Introduction: Esophageal perforation is a rare and severe complication following transesophageal echocardiography (TEE) that carries high morbidity and mortality rates. Management of these perforations usually requires complex open surgeries. We present the case of an esophageal perforation following TEE treated with a combined approach of upper endoscopy and left cervicotomy.

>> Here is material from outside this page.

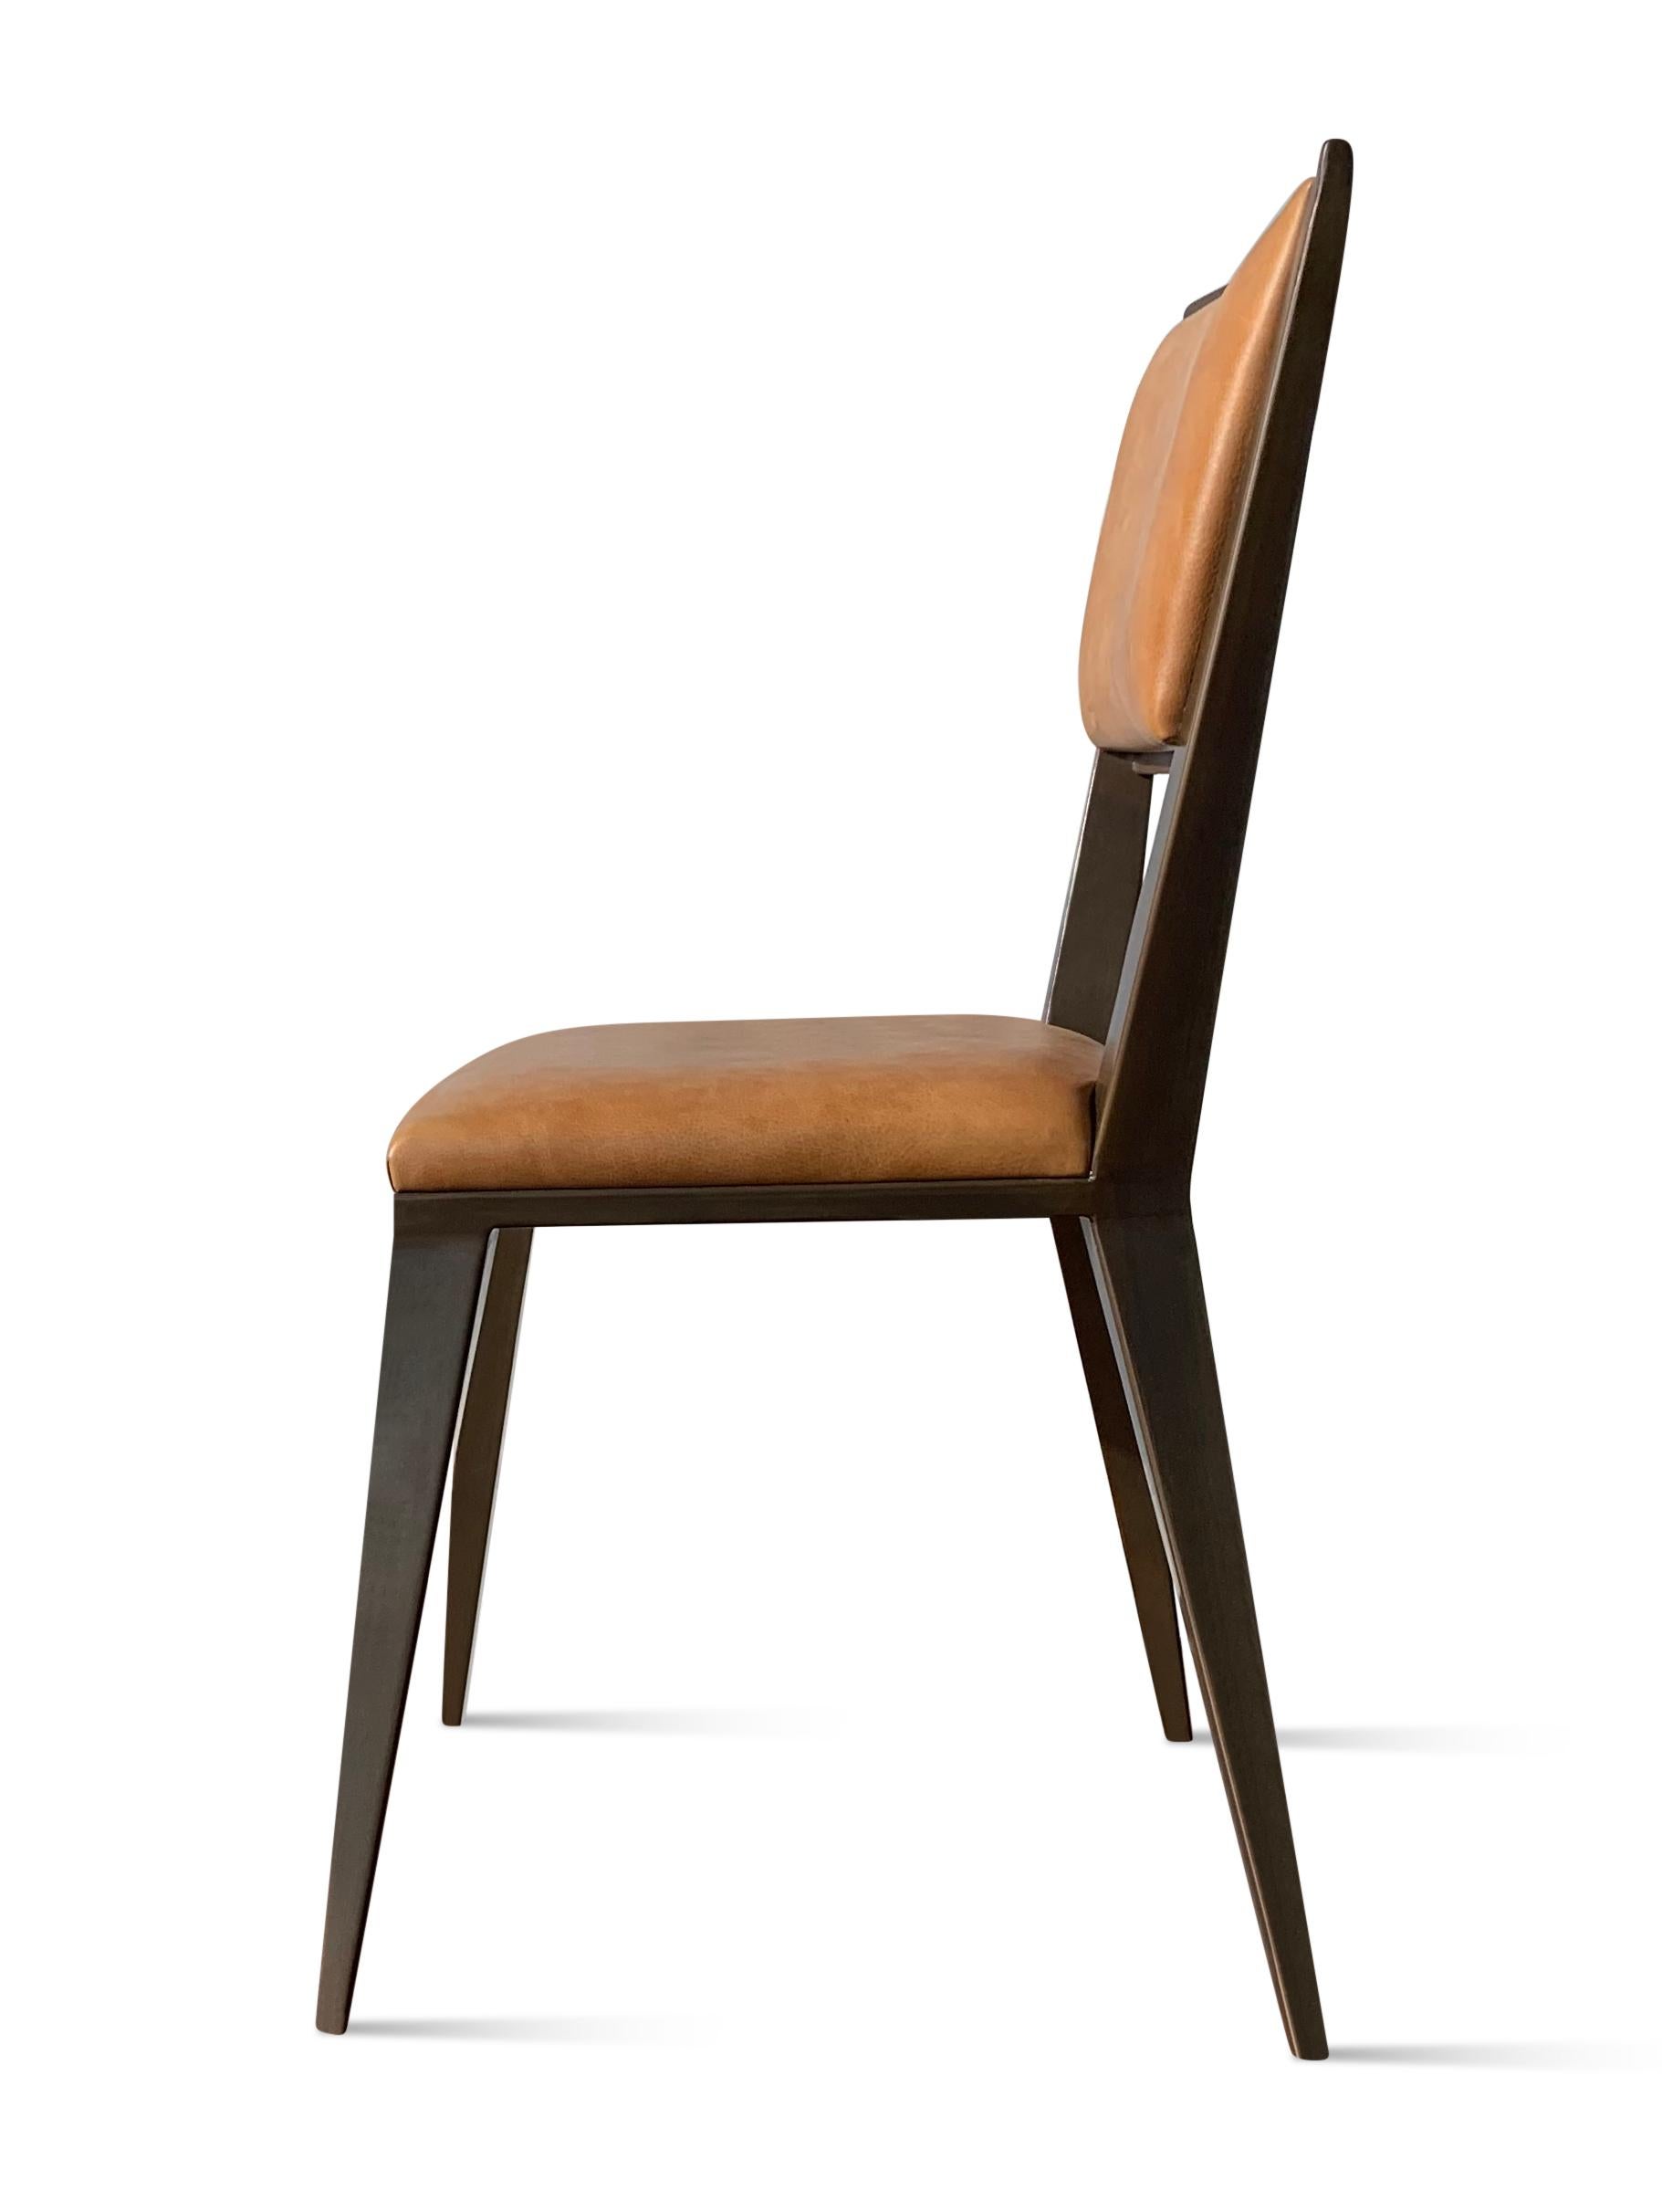 Der Rodelio Chair von Costantini besteht aus einem nahezu unzerstörbaren und dennoch leichten Metallrahmen mit abnehmbarer Sitzfläche und Rückenlehne, die bei Bedarf einfach neu gepolstert werden können. Eines der frühesten Designs von Costantini

Presentation of case: An 80 y/o male patient underwent a diagnostic TEE for mitral regurgitation. After discharge patient consulted back on the same day to the Emergency Department and a perforation of the cervical esophagus was diagnosed associated to an air-fluid collection in the mediastinum. The patient was treated with endoscopic closure of the perforation and left cervicotomy for mediastinal drainage. Patient was discharged home on POD 31 after full recovery. A written consent was previously obtained, and Institutional Review Board approval was not needed.
Discussion: Although not frequently seen, complications following TEE can be devastating if not diagnosed and treated early. Endoscopic closure of an esophageal perforation is a safe and feasible option with the already known advantages of a minimally invasive approach. Surgeons should have high suspicion if a patient present with characteristic symptoms after an uneventful procedure.
Conclusion: Esophageal perforation is a very rare complication of TEE. High suspicion is mandatory to reach prompt diagnosis and install effective treatment. Primary closure of the perforation is the treatment of choice, and the endoscopic approach is a safe and feasible option in high volume centers.
Keywords: Endoscopic approach; Esophageal perforation; Minimally invasive; Transesophageal echocardiography.